Clearly there are many in India who believed this to be the case. I immediately think of Pandit Nehru’s well-known disapproval of and resistance to India’s civilizational project of reconstructing the Somnath Temple.

Nehru probably expected secularism to act like opium to get Indians delusional so that they abandon any expectation of looking towards their own state for their civilizational rejuvenation.

This Nehruvian expectation was symptomatic of the malaise that eventually came to grip the psyche of the established or aspiring secularists in India.

I am tempted to mention a personal recollection of a college junior in Delhi University, an aspiring ‘secularist’, whispering into my ears his discomfort with the act of lighting a ‘non-secular’ diya (oil lamp) to inaugurate an official function in a ‘secular’ space like a public university in India.

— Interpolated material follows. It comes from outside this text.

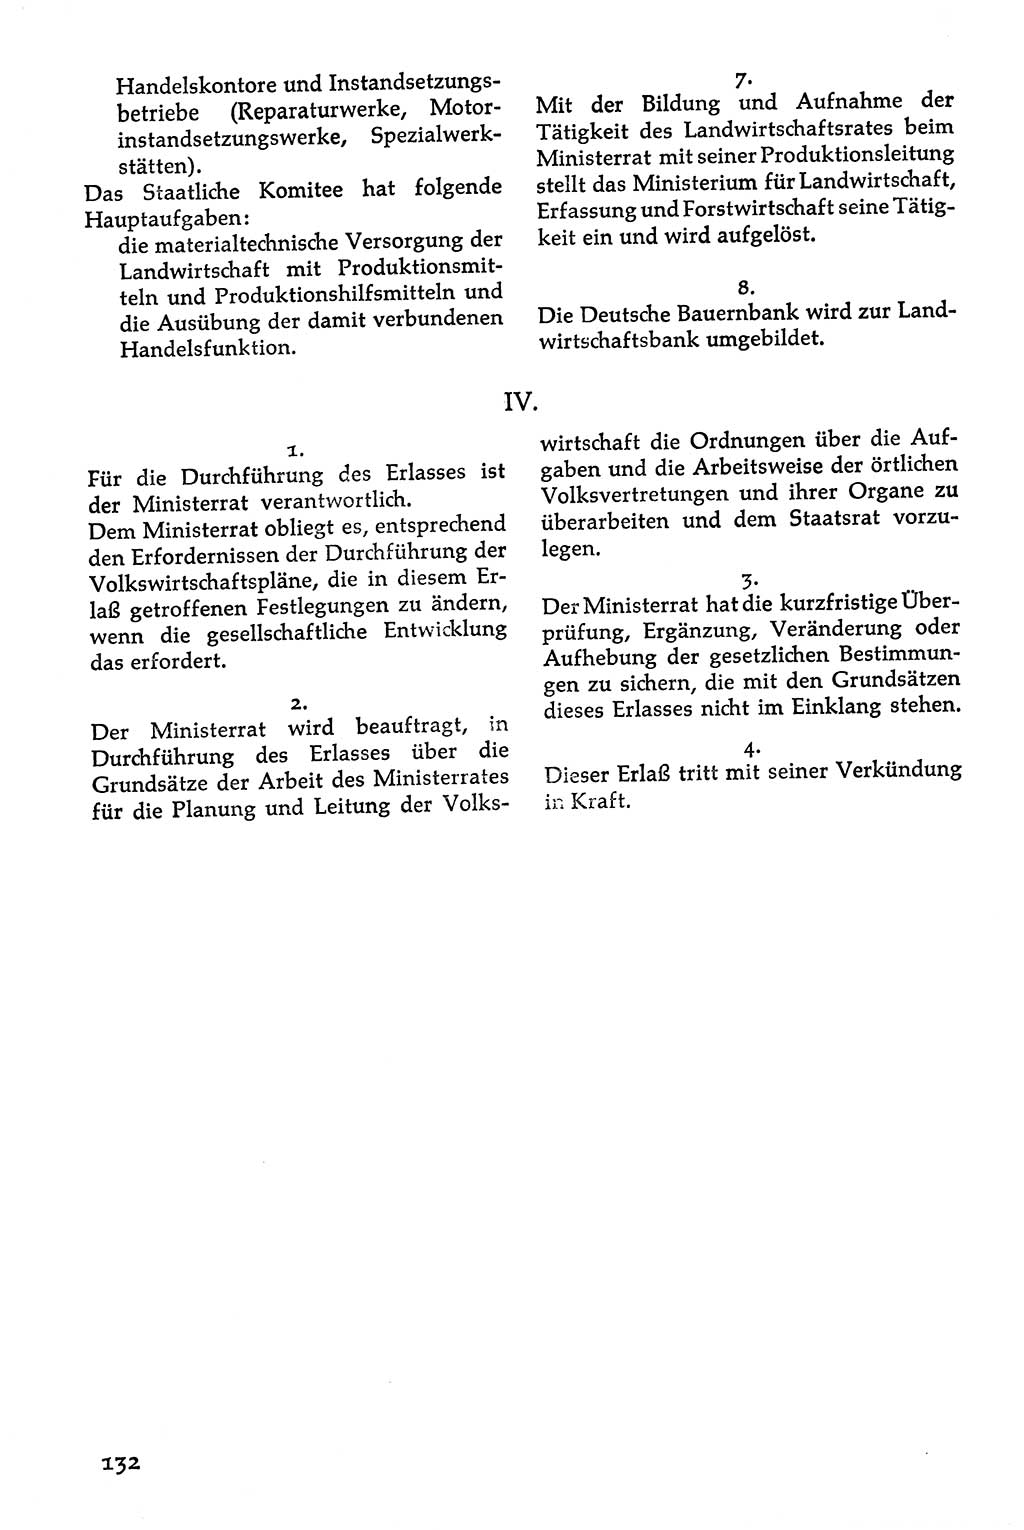 Volksdemokratische Ordnung in Mitteldeutschland [Deutsche Demokratische Republik (DDR)], Texte zur verfassungsrechtlichen Situation 1963, Seite 132 (Volksdem. Ordn. Md. DDR 1963, S. 132)

My case is that if secularism is reduced to an agent that de-roots people from their culture, history and from their past and from things people believe define them, practicing secularism would become an unsustainable endeavor (not only in India but the world over).

Secularism, as a value, has to live with other values cherished by people constituting themselves as a nation.

In the more immediate context of the debate generated by the amendments to the Citizenship Act passed by the Parliament, I would say the following.

In order to contribute to saving secularism from becoming a self-defeating phenomenon in Dharmic Secular India, it is imperative that we see Indian secularism as accommodative of India’s obligation to remain vigilant and responsive to the concerns of the people of Dharmic backgrounds living in hostile political or social environments.

This responsibility becomes even more particular and acute when we speak about accommodating the persecuted minorities of Indian Dharmic background living in Pakistan and Bangladesh who, but for their circumstantial compulsions in 1947, should have been in India as part of the partition arrangement.

Therefore, principally I support amending the Indian Citizenship Law in a manner that attempts to move towards an explicit acknowledgment of India’s responsibility in this regard.

Finally, before I close, let me also briefly state my position on whether the inclusion of Christians and Parsis in the recent amendments impacts the compatibility of the action with the principle of secularism.

I believe India’s secular credentials do not get compromised because it cares for those non-Muslim communities whose existence remains in continuous jeopardy as a consequence of the communal partition of India.